Brooklyn pass for first-time pot offenders
13:46 Wed Jul 9 2014
The district attorney in the New York borough of Brooklyn has announced he will no longer prosecute thousands of people arrested each year in possession of pot.
Kenneth Thompson said on Tuesday limited law enforcement resources could be better used elsewhere and that petty offenders should not be saddled with a criminal record for a minor, non-violent offence.
In 2013, his office processed more than 8500 cases of marijuana possession, more than two-thirds of which were dismissed by judges.
Thompson denied that the policy amounts to or should be interpreted as approval of marijuana.
The policy does not apply to those who smoke pot in public or in the presence of children, those already convicted or to child offenders who will be "redirected on to a healthier path".
"Cases will be dismissed ... for those with little or no criminal record, but we will continue to prosecute marijuana cases which most clearly raise public health and safety concerns," he said.

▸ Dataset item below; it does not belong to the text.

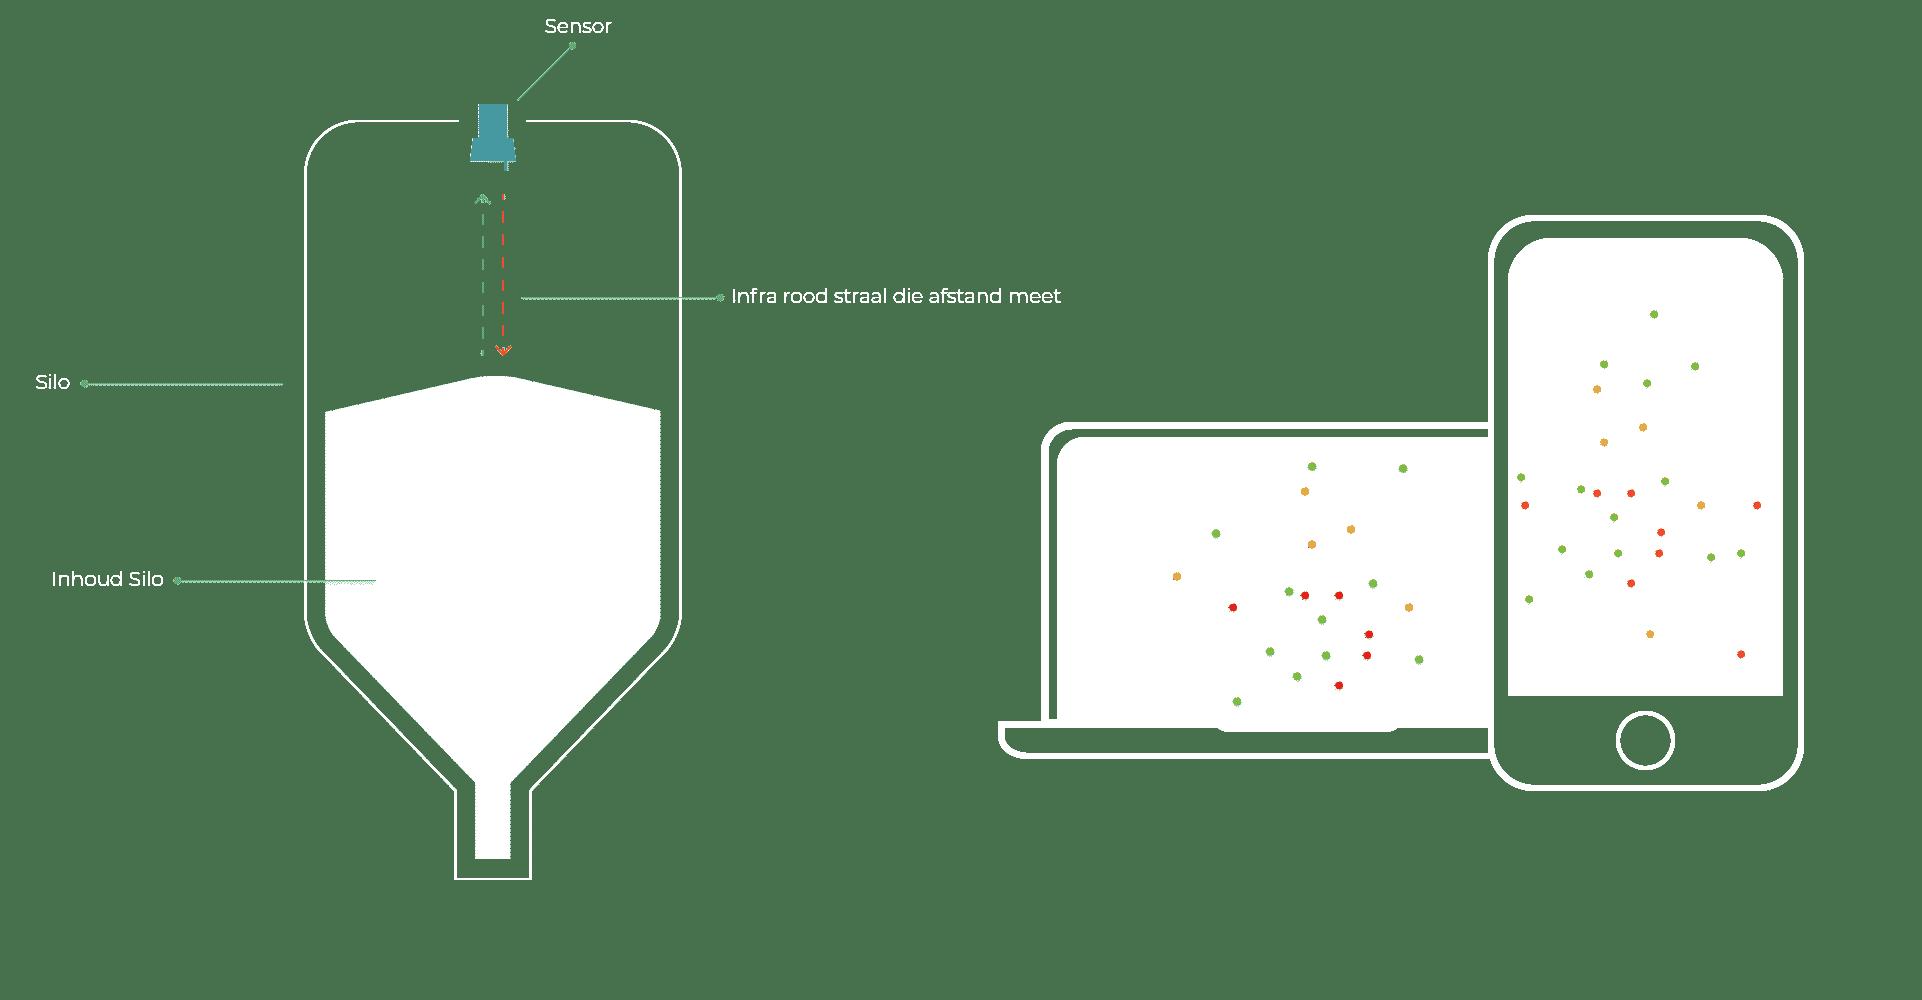 silo-sensor

A report last year found that nearly half a million people were arrested for marijuana possession across New York between 2002 and 2012, 85 per cent of them young blacks and Latinos.
Processing the arrests clocked up more than a million hours of police work, said the report by the Drug Policy Alliance, which favours the decriminalisation of the substance.
New York on Monday became the 23rd state in the US to legalise marijuana for medical use to help patients with cancer, HIV, Parkinson's, epilepsy and certain other conditions.